So, as far as trying new things and testing out pieces of the latest and greatest... coconut oil. I've never used coconut oil but I'm reading about it on the internet, in books, and in magazines. I made cookies this week and substituted half of the butter with coconut oil. The result? Tasty McTasterson! Subtle coconut flavor that may have actually added to the texture and richness of the cookie.
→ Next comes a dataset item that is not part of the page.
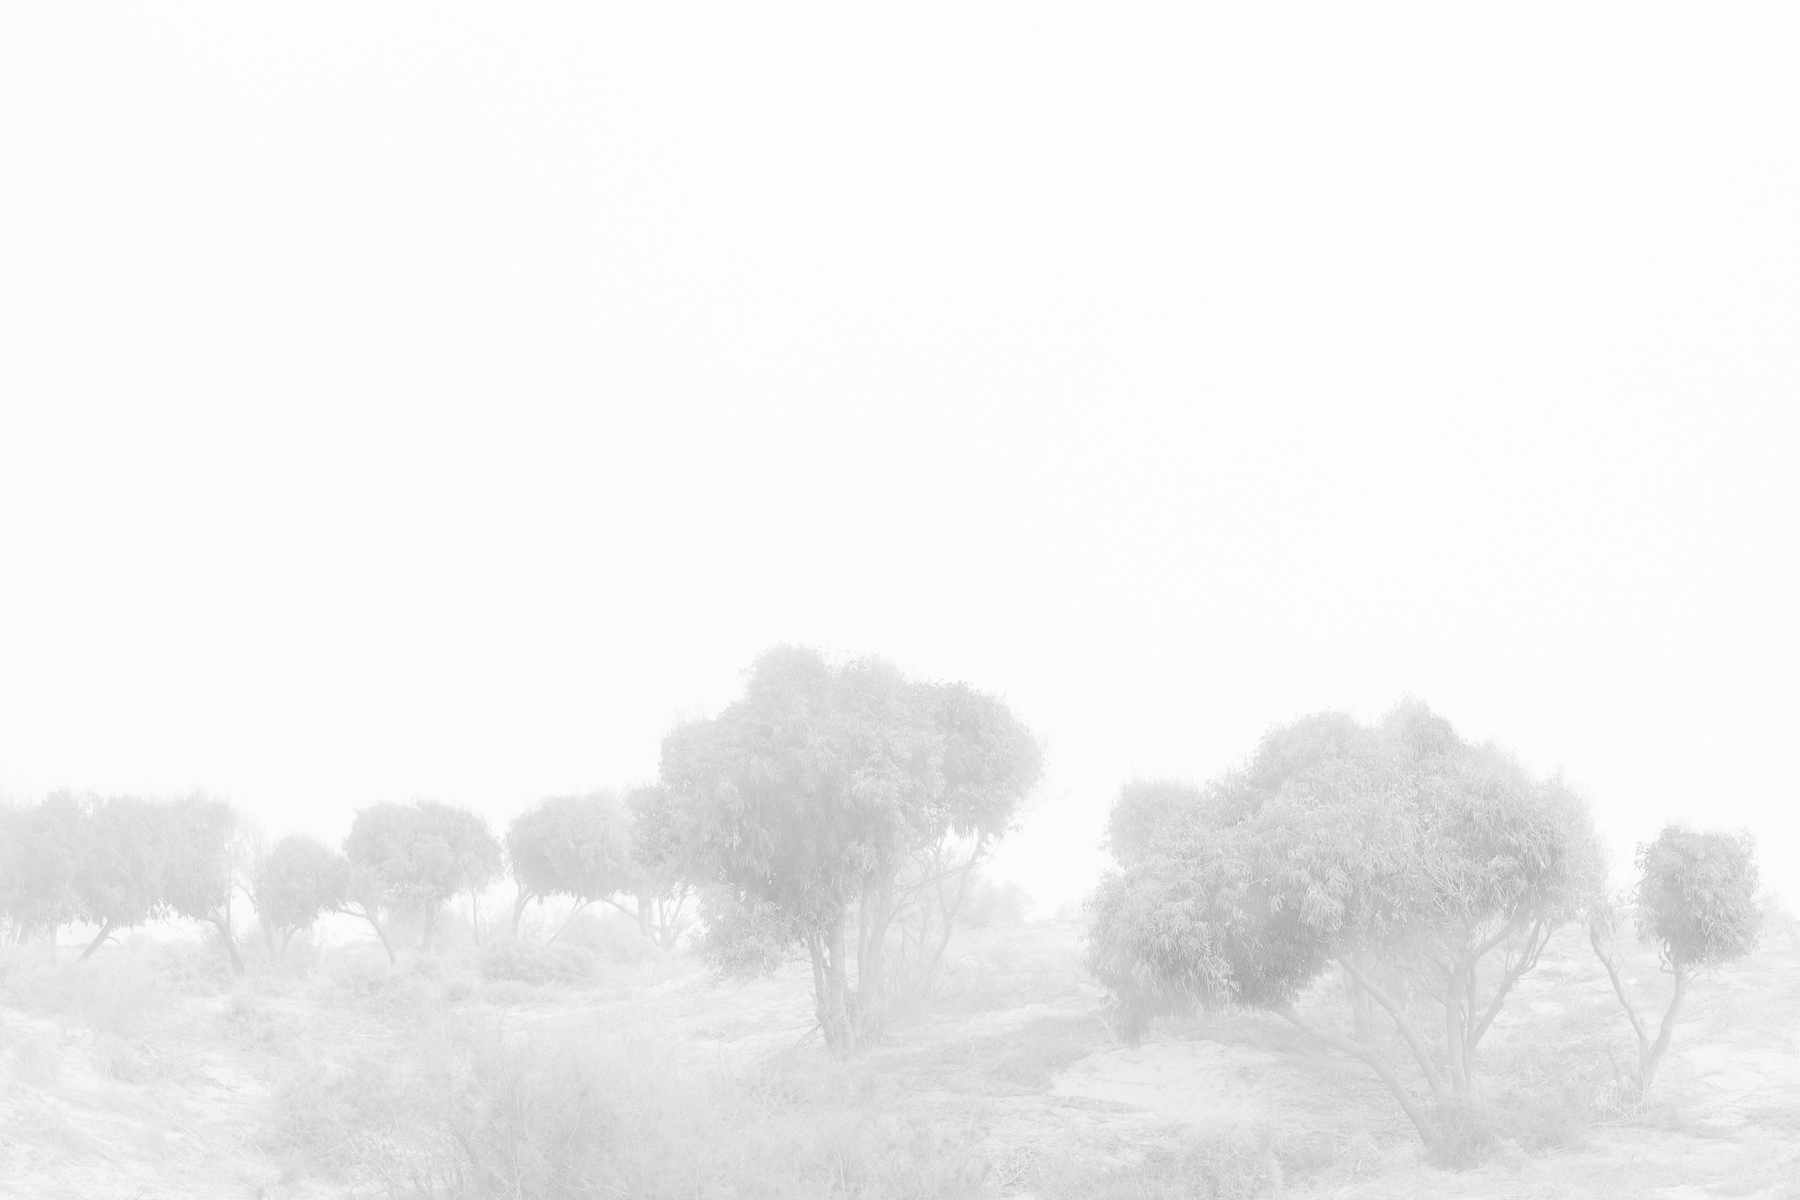 white-shadow stephane louesdon @2018

I used my favorite recipe that I've shared before but with the addition of coconut.
Chocolate Chip Cookies with Coconut Oil
- 1/2 C (one stick) organic unsalted butter
- 1/2 C organic unrefined fresh-pressed virgin coconut oil
- 1 C organic sugar
- 1 C brown sugar
- 2 local eggs
- 1 tsp vanilla
- 2 C organic white whole wheat flour
- 2 1/2 C organic regular oats (ground up in the blender first)
- 1/2 tsp sea salt
- 1 tsp aluminum-free baking powder
- 1 tsp baking soda
- Dark chocolate chips (approx 3/4 bag)
- Organic cranberries (approx 1 C)
- Combine dry ingredients
- Combine wet ingredients
- Add all together; mix in chocolate chips and cranberries
- Bake at 375° for 8-9 minutes (do not overbake; I use a Silpat)
- This full recipe makes 5 dozen cookies, give or take depending on size. It can easily be cut in half, but I like to make the full recipe and freeze half. Remember: roll the cookie dough into balls, freeze on a cookie sheet until hard, and store in a ziploc baggie. Frozen cookie dough balls can be placed straight into the oven - they just might need a few extra minutes of baking time.